Smoking prevalence was defined as the proportion of people, aged 18 years and older, who responded that they currently smoke and have smoked more than 100 cigarettes in their lifetime.

Socio-economic variations of smoking prevalence between 2005 and 2013

Regarding educational level, a sharp decrease in smoking prevalence was only observed among the most educated population (-24.7%; p <0.001; Table 1), trend that stands for men (-20.2%, p <0.001) and women (-28.8%, p <0.001). The change in smoking prevalence based on household income per consumer unit showed a reduction in smoking rates for women in the highest three quintiles (Table 1), while for men a significant reduction was seen only in the first quintile (-20.4%; p <0.001). Regarding employment status, the smoking prevalence had a statistically significant reduction only for the employed population, in both men and women (-15.1%; p <0.001 and -21.7%; p <0.001 respectively; Table 1).
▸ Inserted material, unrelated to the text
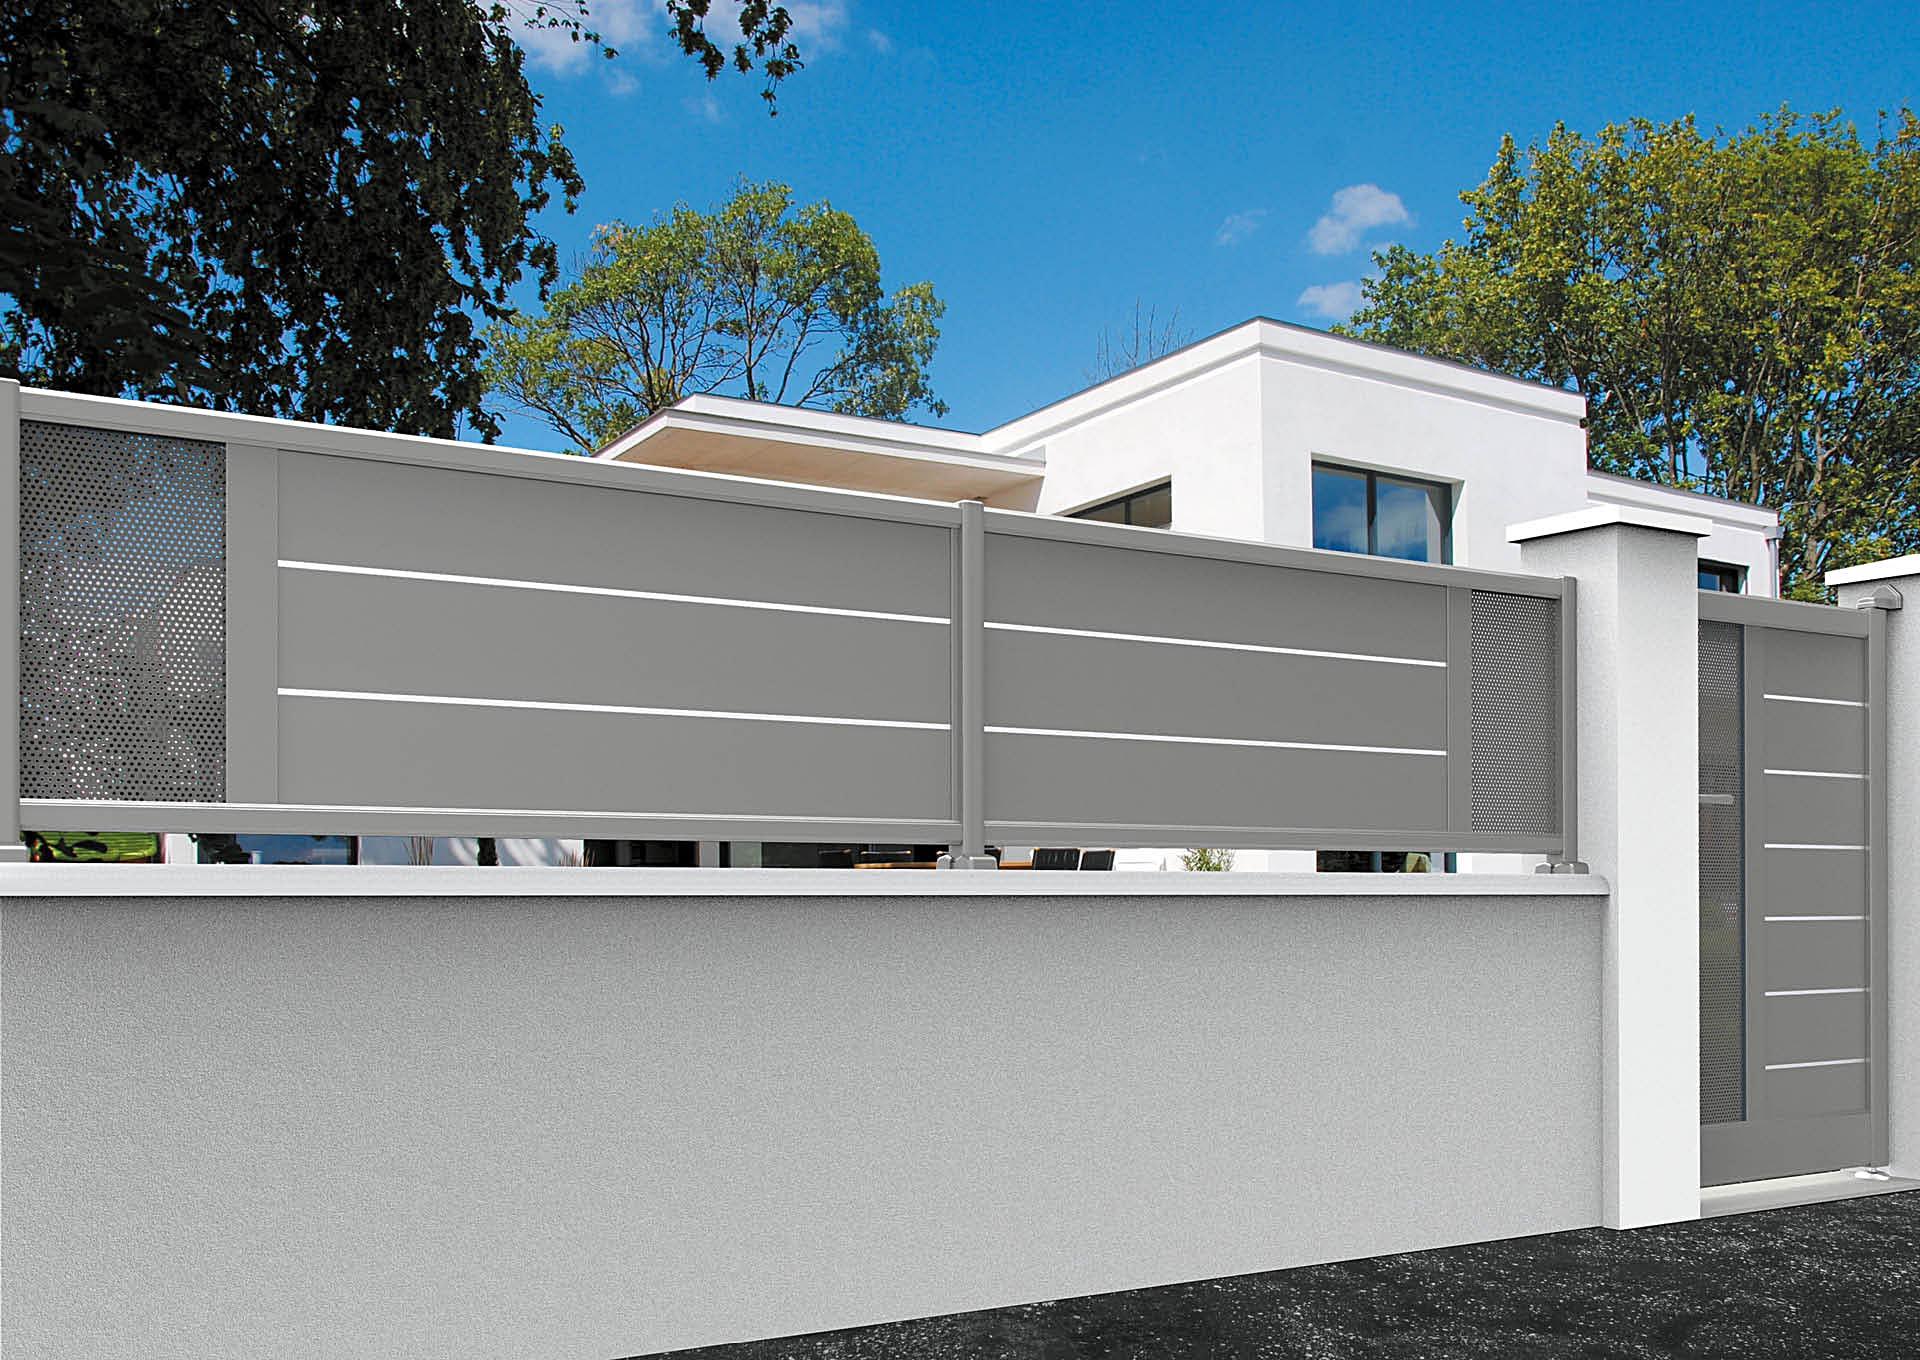 Clôture en aluminium 9013_CL_S2TP Clôtures lames horizontales 200mm et liserés + décor tôle perforée

Inequalities in smoking prevalence

Table 2 shows the change in smoking prevalence disparities from 2005 to 2013 for populations defined by educational level, quintils of household income per consumer unit and employment status. In men, a consistently elevated PR across the three surveys can be seen for educational level and household income consumer unit, meaning that population with lower educational level or household income per consumer unit exhibit higher age-adjusted smoking prevalence. In women, only employment status in the 2013 survey showed a signficantly elevated PR (1.32; 95% CI: 1.06, 1.66). The DI is moderately high for smoking prevalence in both sexes (range: 14.47%-33.06%). Disparity increased slightly but was highly variable within a narrow range of values across the studied years.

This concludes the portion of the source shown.